Hunting is a 1991 Australian drama film written and directed by Frank Howson, starring John Savage, Kerry Armstrong (nominated for AFI Best Actress) and Guy Pearce.

==Plot==
An American business tycoon, Michael Bergman, arrives in Melbourne and has an affair with Michelle, a married secretary, who works for the stockbroking firm of which he is a client.

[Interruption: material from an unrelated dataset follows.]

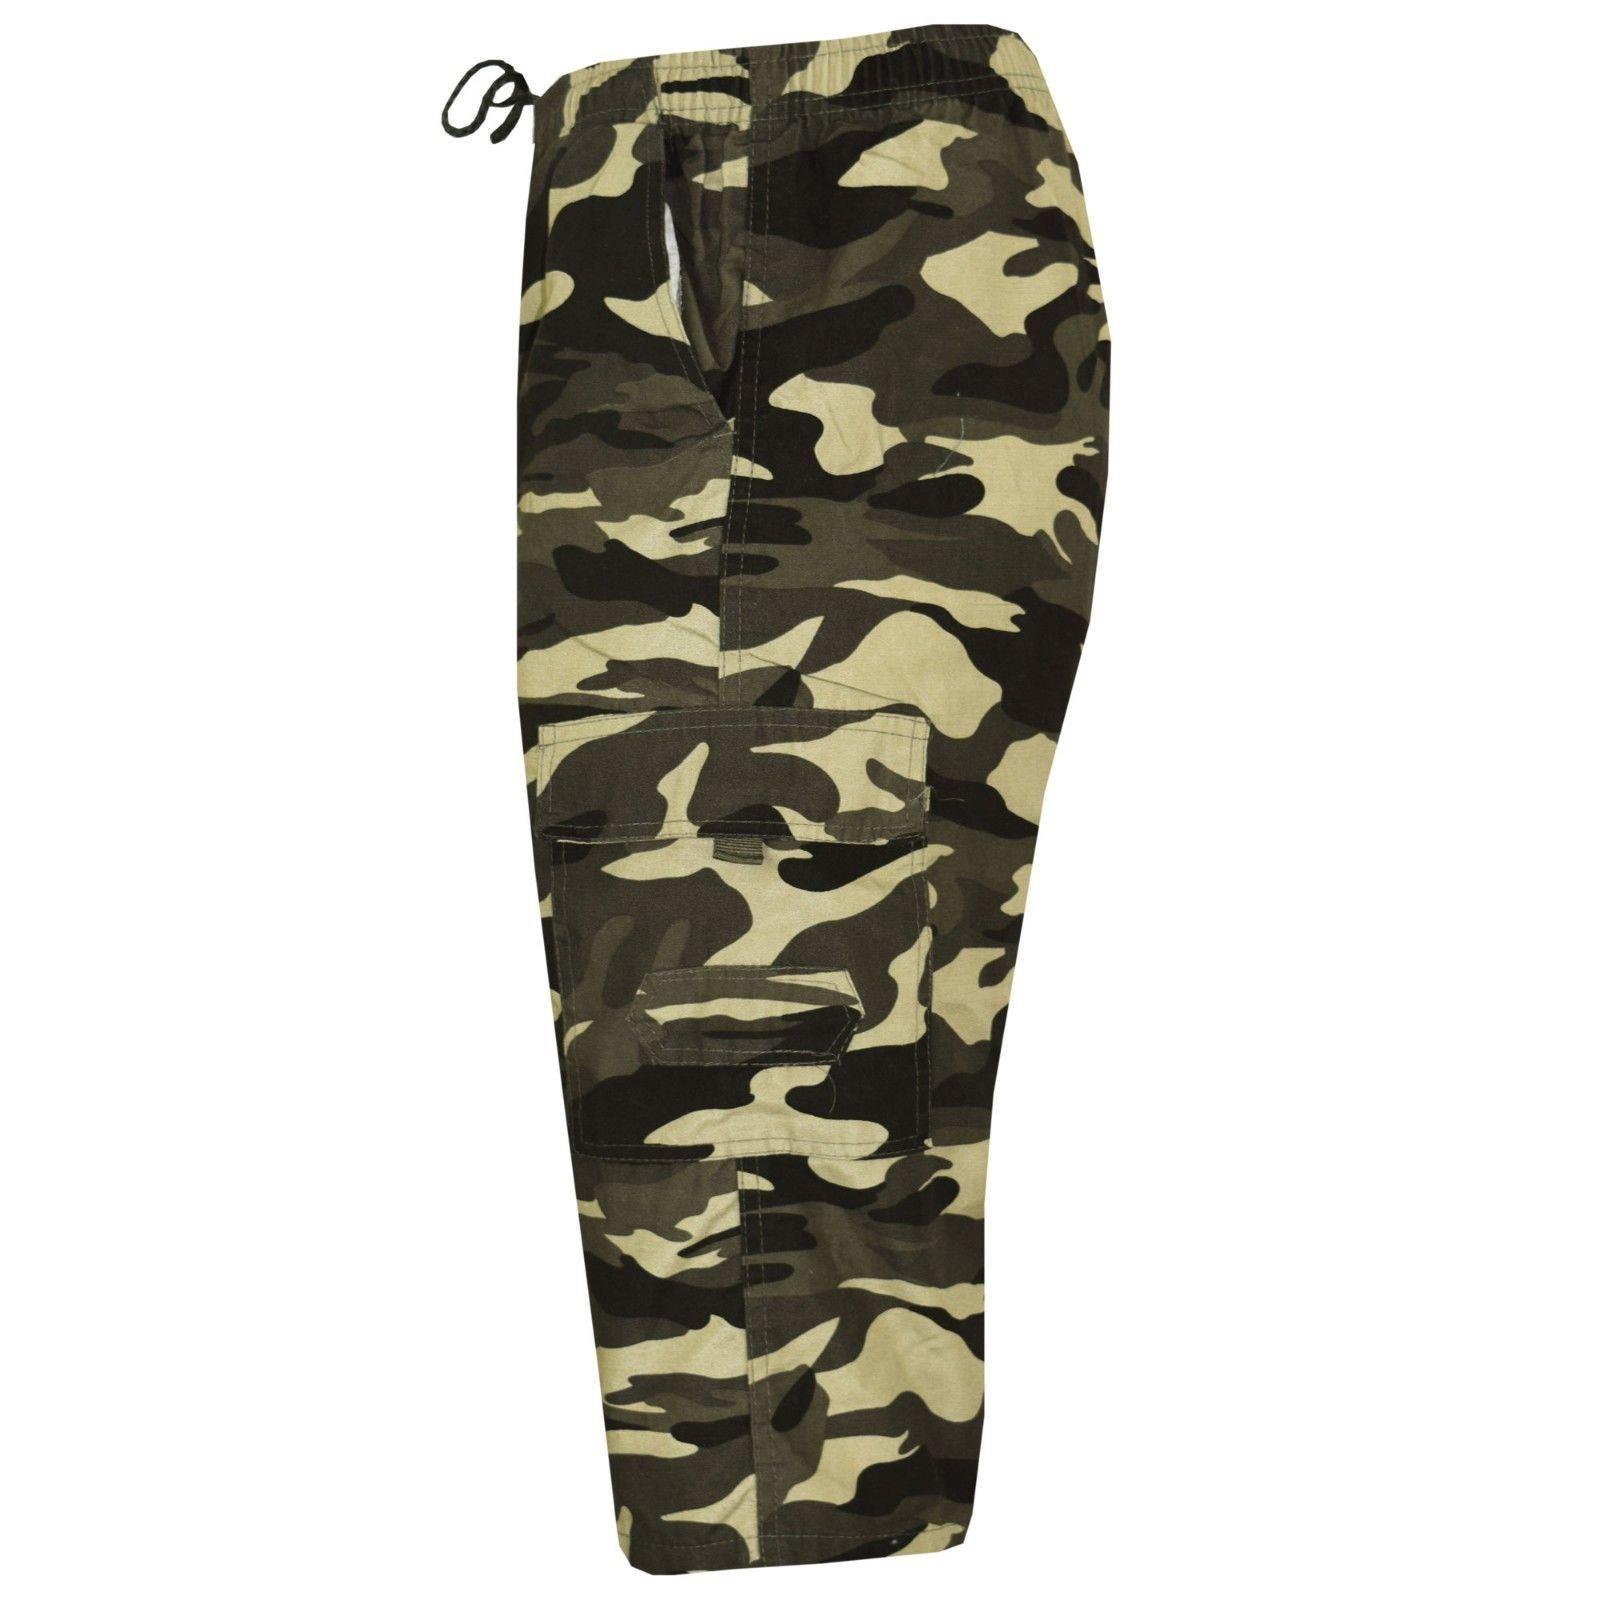 Mens 3//4 Army Elasticated Waist Long Shorts Military Combat Cargo Pockets Camo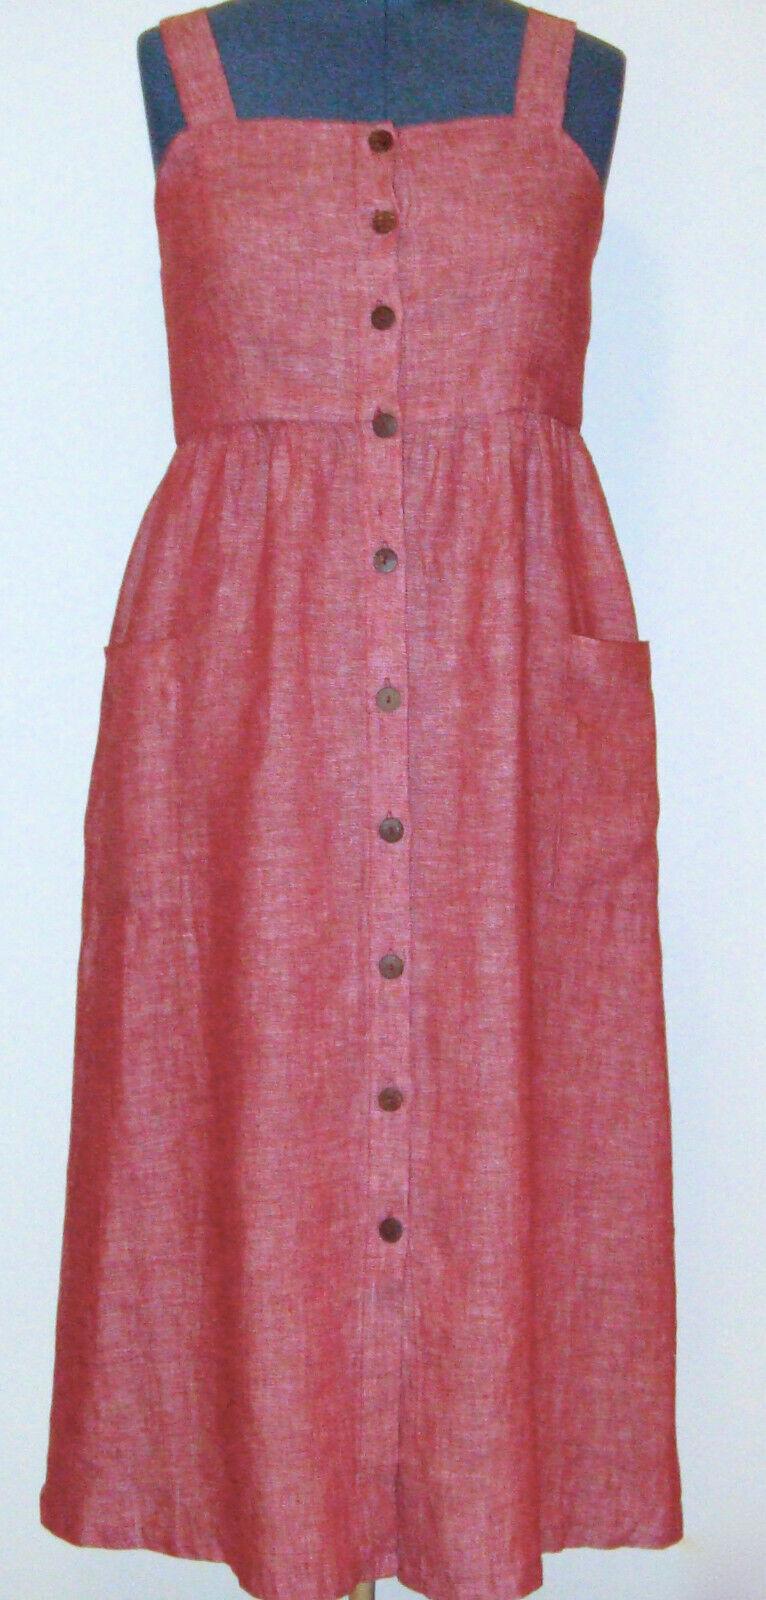 Rachel Zoe Women's Linen Dress Size M Dark Red Midi New

Michelle is drawn in by his rich and glamorous lifestyle and charismatic manner, but the more involved she gets, the more she realises how ruthless and morally bankrupt he is.

==Cast==
- John Savage as Michael Bergman
- Kerry Armstrong as Michelle Harris
- Jeffrey Thomas as Larry Harris
- Guy Pearce as Sharp
- Rebecca Rigg as Debbie McCormick
- Rhys McConnochie as Bill Stockton
- Nicholas Bell as Piggott
- Gregory Apps as Julian Penn
- Jacek Koman as Bergman's Butler

==Production==
Frank Howson says it was a requirement of the investors that he cast an American in the lead. Filming began in Melbourne in April 1989, with the movie being called "Australia's Wall Street (1987)".

Howson had made three films with Pino Amenta directing but wanted to direct Hunting himself.

==Reception==
Filmink thought the movie had "a sensational performance by Kerry Armstrong" but was "totally undermined by the casting of John Savage, whose role should’ve been played by Guy Pearce."
==Soundtrack==
As well as appearing in the film, Guy Pearce recorded a single called The Promise. The music video featured scenes from the film.